An independent lab has possibly identified the cause of contamination of ranitidine (Zantac) antacid products in the U.S. by the carcinogen N-nitrosodimethylamine (NDMA), after weeks of uncertainty and unfruitful lab testing.
Since the late fall of 2019, the FDA has announced a series of voluntary recalls by manufacturers and distributors of ranitidine products in the U.S. after discovering that they had unacceptable levels of NDMA. The FDA has advised that pharmaceutical companies test their drugs after production and not release them to the U.S. market if contamination levels were high enough to expose patients to more than 96 nanograms of NDMA per day.
First reported by Bloomberg, new testing by Emery Pharma in Alameda, California demonstrated that a combination of heat and time might be the culprit for contamination. Analysis showed that limited heat exposure would be enough to trigger a rise in NDMA levels through destabilization of the drugs. A sample of ranitidine surpassed the FDA’s 96 nanogram NDMA limit after five days at 158 degrees Fahrenheit (70 degrees Celsius), and by 12 days the sample reached 142 nanograms of NDMA. Emery Pharma also tested the drugs at a common daytime temperature of 77 degrees Fahrenheit (25 degrees Celsius), and found that a sample reached 25 nanograms over 12 days.
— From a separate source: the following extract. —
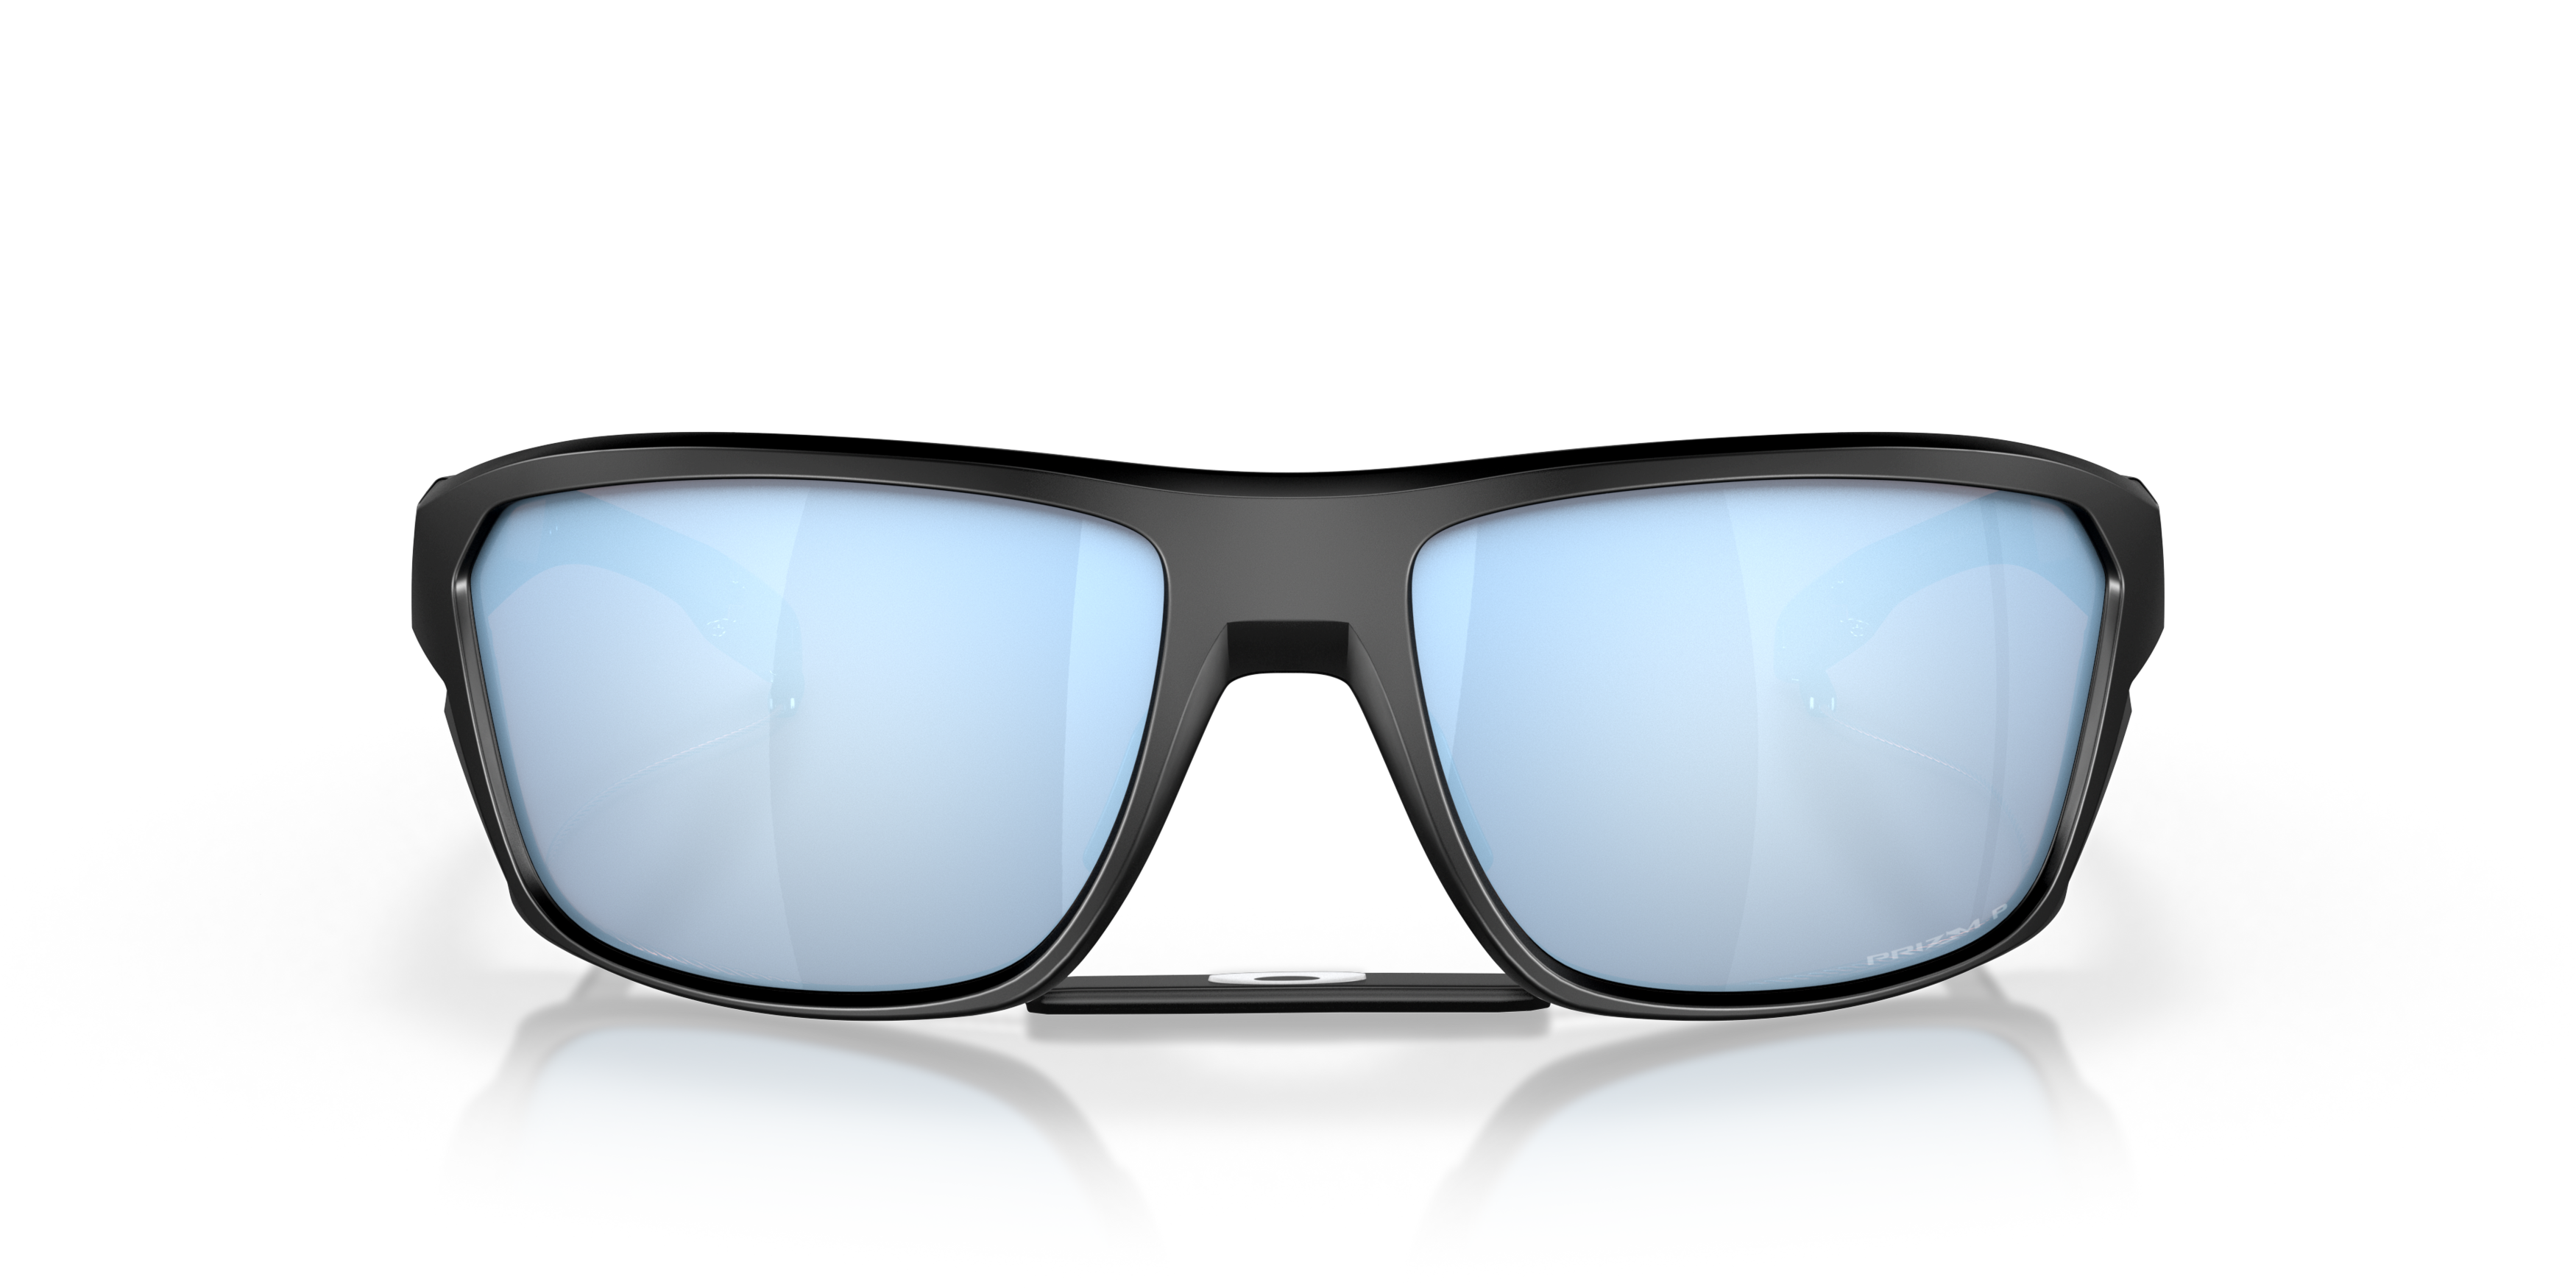 [products.image.front] OAKLEY OO9416 941606

The analysis by Emery suggests that anything from extended exposure to a warm ambient temperature to a long delivery in a hot truck risks increasing NDMA levels in all ranitidine products. The longer the exposure the higher the contamination levels might rise, increasing the risk that a patient might only need one or a couple doses to expose themselves to a level of NDMA substantially higher than the FDA guideline. As a result, Emery submitted a Citizen Petition to the FDA requesting a total suspension of ranitidine products, a mandatory recall of any product available on the market, stability testing on future products, temperature-controlled delivery, and new warning labels describing the risk of development of carcinogens from heat exposure.